First, the base material 1 can be formed by a conventionally known film forming method. Examples of the film forming method include a calendar film forming method, a casting method in an organic solvent, an inflation extrusion method in a closed system, a T-die extrusion method, a co-extrusion method, and a dry lamination method.

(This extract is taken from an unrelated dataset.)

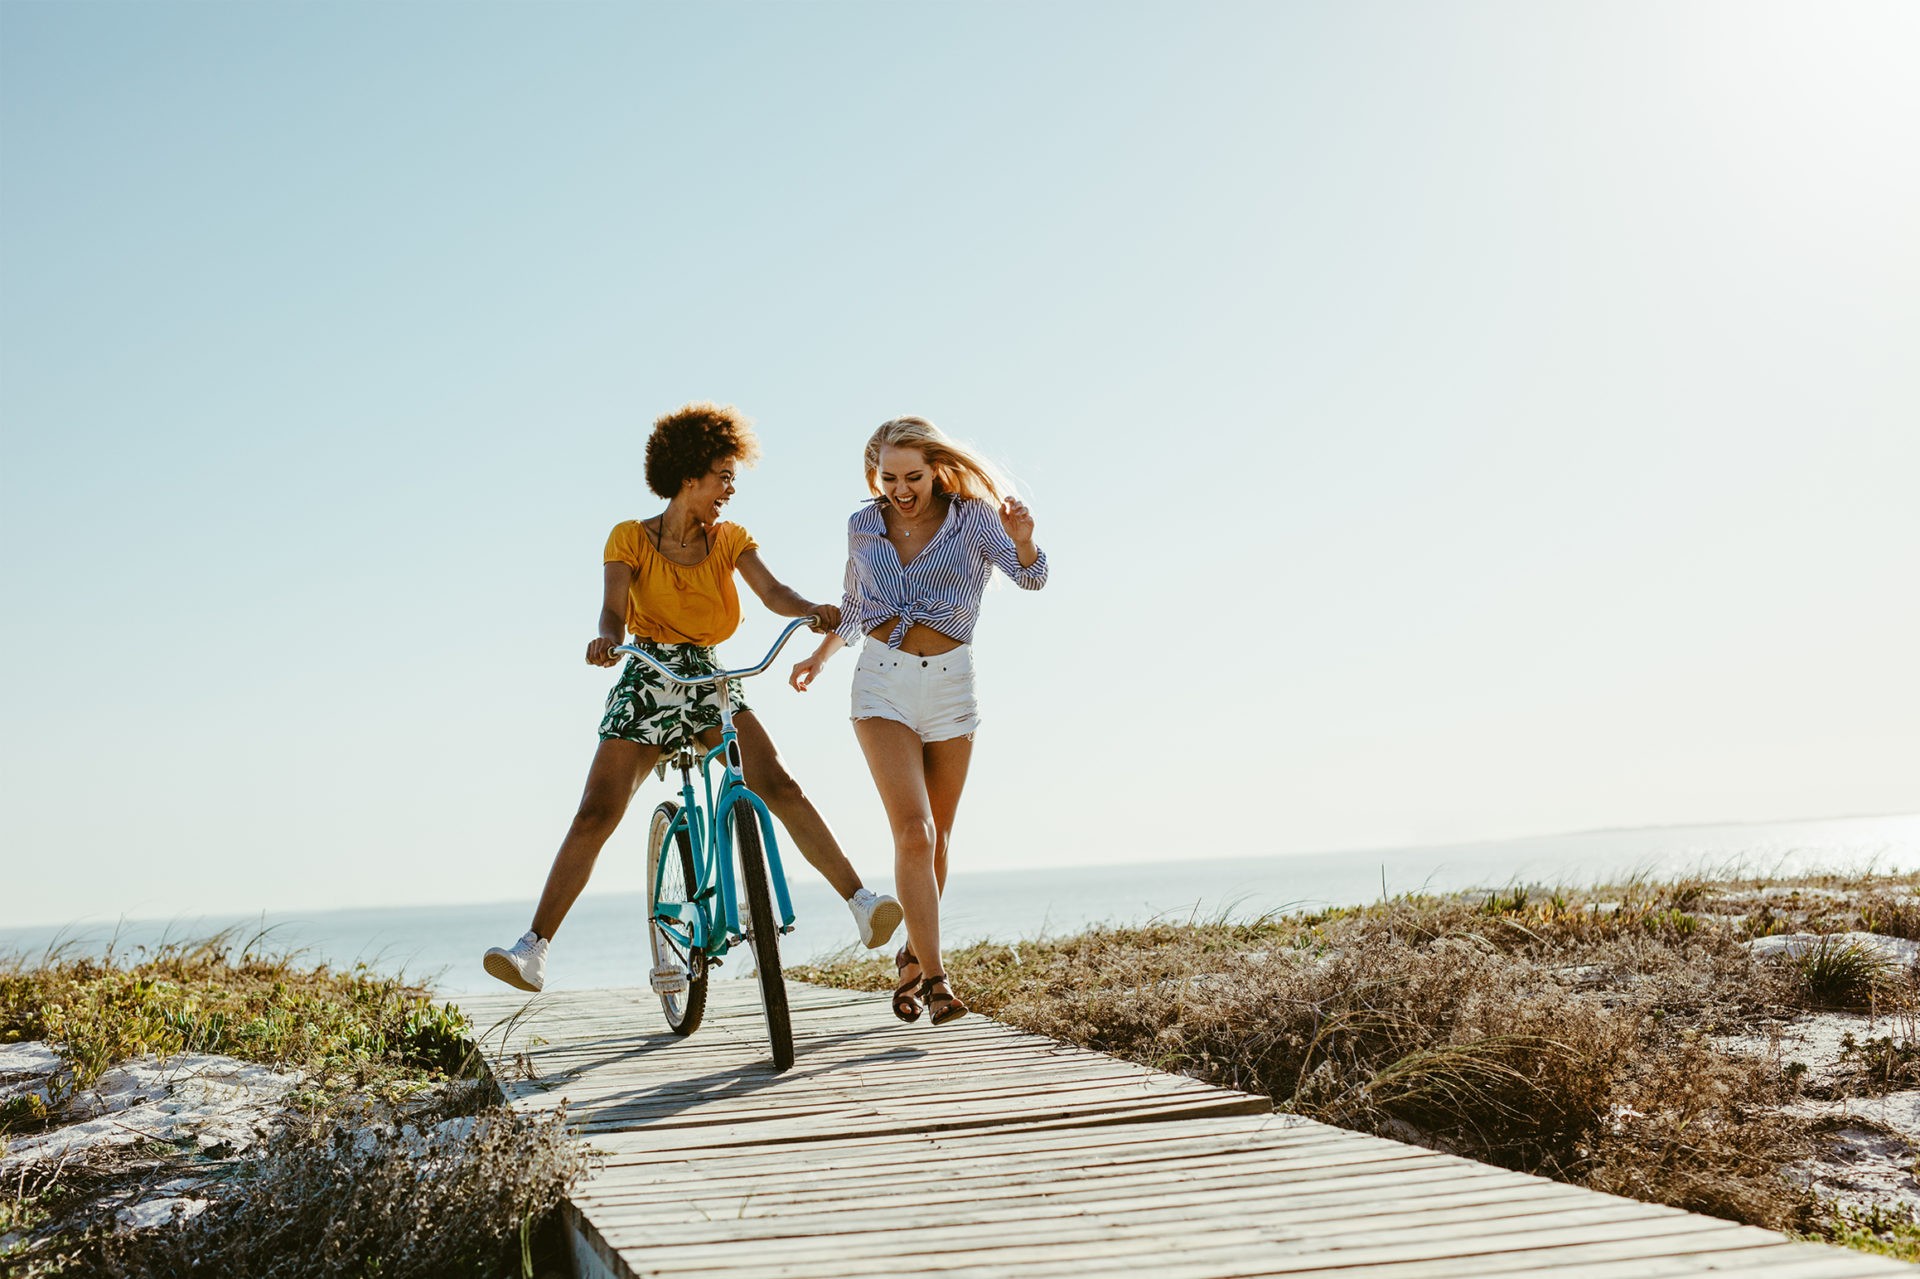 Two girls riding a bike and running at the beach.

  Next, after a pressure-sensitive adhesive composition solution is applied onto the substrate 1 to form a coating film, the coating film is dried under predetermined conditions (heat-crosslinked as necessary), and the pressure-sensitive adhesive layer 2 is formed. Form. It does not specifically limit as a coating method, For example, roll coating, screen coating, gravure coating, etc. are mentioned. As drying conditions, for example, the drying temperature is 80 to 150 ° C. and the drying time is 0.5 to 5 minutes. Moreover, after apply | coating an adhesive composition on a separator and forming a coating film, the coating film may be dried on the said drying conditions, and the adhesive layer 2 may be formed. Then, the adhesive layer 2 is bonded together with the separator on the base material 1. Thereby, the dicing film 11 is produced. At this time, the surface of the dicing film bonded to the thermosetting die bond film may be irradiated with ultraviolet rays in advance.

The thermosetting die-bonding films 3, 3 ′ are produced, for example, as follows.
First, an adhesive composition solution that is a material for forming the thermosetting die-bonding films 3 and 3 ′ is prepared. As described above, the adhesive composition solution contains the adhesive composition, filler, and other various additives.

  Next, the adhesive composition solution is applied onto the base separator so as to have a predetermined thickness to form a coating film, and then the coating film is dried under predetermined conditions to form an adhesive layer. It does not specifically limit as a coating method, For example, roll coating, screen coating, gravure coating, etc. are mentioned. As drying conditions, for example, the drying temperature is 70 to 160 ° C. and the drying time is 1 to 5 minutes. Moreover, after apply | coating an adhesive composition solution on a separator and forming a coating film, you may dry an application film on the said drying conditions, and may form an adhesive bond layer. Then, an adhesive bond layer is bonded together with a separator on a base material separator.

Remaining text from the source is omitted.